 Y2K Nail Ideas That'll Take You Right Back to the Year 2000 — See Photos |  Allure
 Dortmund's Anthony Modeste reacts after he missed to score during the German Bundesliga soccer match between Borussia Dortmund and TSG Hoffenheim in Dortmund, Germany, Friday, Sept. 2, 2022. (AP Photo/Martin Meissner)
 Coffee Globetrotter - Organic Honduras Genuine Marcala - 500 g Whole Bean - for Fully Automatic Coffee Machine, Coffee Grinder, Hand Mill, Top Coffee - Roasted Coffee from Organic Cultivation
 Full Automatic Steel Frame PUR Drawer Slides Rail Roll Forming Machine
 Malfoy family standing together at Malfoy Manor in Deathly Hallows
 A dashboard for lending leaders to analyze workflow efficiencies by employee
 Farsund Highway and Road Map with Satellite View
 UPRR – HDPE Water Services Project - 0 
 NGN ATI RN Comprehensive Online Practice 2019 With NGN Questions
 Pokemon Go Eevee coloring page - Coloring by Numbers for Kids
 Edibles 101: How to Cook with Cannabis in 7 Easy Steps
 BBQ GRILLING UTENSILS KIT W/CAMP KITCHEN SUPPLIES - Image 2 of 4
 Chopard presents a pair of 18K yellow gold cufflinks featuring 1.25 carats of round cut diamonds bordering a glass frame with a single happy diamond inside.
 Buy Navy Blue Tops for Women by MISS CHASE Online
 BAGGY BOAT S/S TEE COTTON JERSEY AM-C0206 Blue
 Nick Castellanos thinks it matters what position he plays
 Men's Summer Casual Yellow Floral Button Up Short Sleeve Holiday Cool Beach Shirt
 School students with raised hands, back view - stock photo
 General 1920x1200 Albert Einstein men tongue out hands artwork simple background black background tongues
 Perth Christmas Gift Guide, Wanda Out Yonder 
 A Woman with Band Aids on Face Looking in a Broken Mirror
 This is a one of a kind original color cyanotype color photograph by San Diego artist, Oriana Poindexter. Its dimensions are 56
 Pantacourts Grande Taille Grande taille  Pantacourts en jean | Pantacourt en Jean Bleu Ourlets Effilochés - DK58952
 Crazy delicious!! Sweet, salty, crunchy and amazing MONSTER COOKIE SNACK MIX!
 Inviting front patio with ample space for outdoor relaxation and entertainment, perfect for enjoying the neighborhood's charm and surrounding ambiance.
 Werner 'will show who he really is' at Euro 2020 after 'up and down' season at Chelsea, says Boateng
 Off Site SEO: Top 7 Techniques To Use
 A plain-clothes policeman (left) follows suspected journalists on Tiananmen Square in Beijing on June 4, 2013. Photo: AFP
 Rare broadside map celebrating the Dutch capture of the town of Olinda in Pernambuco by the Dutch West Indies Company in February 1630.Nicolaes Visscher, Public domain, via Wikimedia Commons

▶ Exercise objective: For the lines above, output exactly those from the line containing "Dortmund's Anthony Modeste" through the line containing "Pantacourts Grande Taille", and skip the others.

▶ Solution to this exercise:
 Dortmund's Anthony Modeste reacts after he missed to score during the German Bundesliga soccer match between Borussia Dortmund and TSG Hoffenheim in Dortmund, Germany, Friday, Sept. 2, 2022. (AP Photo/Martin Meissner)
 Coffee Globetrotter - Organic Honduras Genuine Marcala - 500 g Whole Bean - for Fully Automatic Coffee Machine, Coffee Grinder, Hand Mill, Top Coffee - Roasted Coffee from Organic Cultivation
 Full Automatic Steel Frame PUR Drawer Slides Rail Roll Forming Machine
 Malfoy family standing together at Malfoy Manor in Deathly Hallows
 A dashboard for lending leaders to analyze workflow efficiencies by employee
 Farsund Highway and Road Map with Satellite View
 UPRR – HDPE Water Services Project - 0 
 NGN ATI RN Comprehensive Online Practice 2019 With NGN Questions
 Pokemon Go Eevee coloring page - Coloring by Numbers for Kids
 Edibles 101: How to Cook with Cannabis in 7 Easy Steps
 BBQ GRILLING UTENSILS KIT W/CAMP KITCHEN SUPPLIES - Image 2 of 4
 Chopard presents a pair of 18K yellow gold cufflinks featuring 1.25 carats of round cut diamonds bordering a glass frame with a single happy diamond inside.
 Buy Navy Blue Tops for Women by MISS CHASE Online
 BAGGY BOAT S/S TEE COTTON JERSEY AM-C0206 Blue
 Nick Castellanos thinks it matters what position he plays
 Men's Summer Casual Yellow Floral Button Up Short Sleeve Holiday Cool Beach Shirt
 School students with raised hands, back view - stock photo
 General 1920x1200 Albert Einstein men tongue out hands artwork simple background black background tongues
 Perth Christmas Gift Guide, Wanda Out Yonder 
 A Woman with Band Aids on Face Looking in a Broken Mirror
 This is a one of a kind original color cyanotype color photograph by San Diego artist, Oriana Poindexter. Its dimensions are 56
 Pantacourts Grande Taille Grande taille  Pantacourts en jean | Pantacourt en Jean Bleu Ourlets Effilochés - DK58952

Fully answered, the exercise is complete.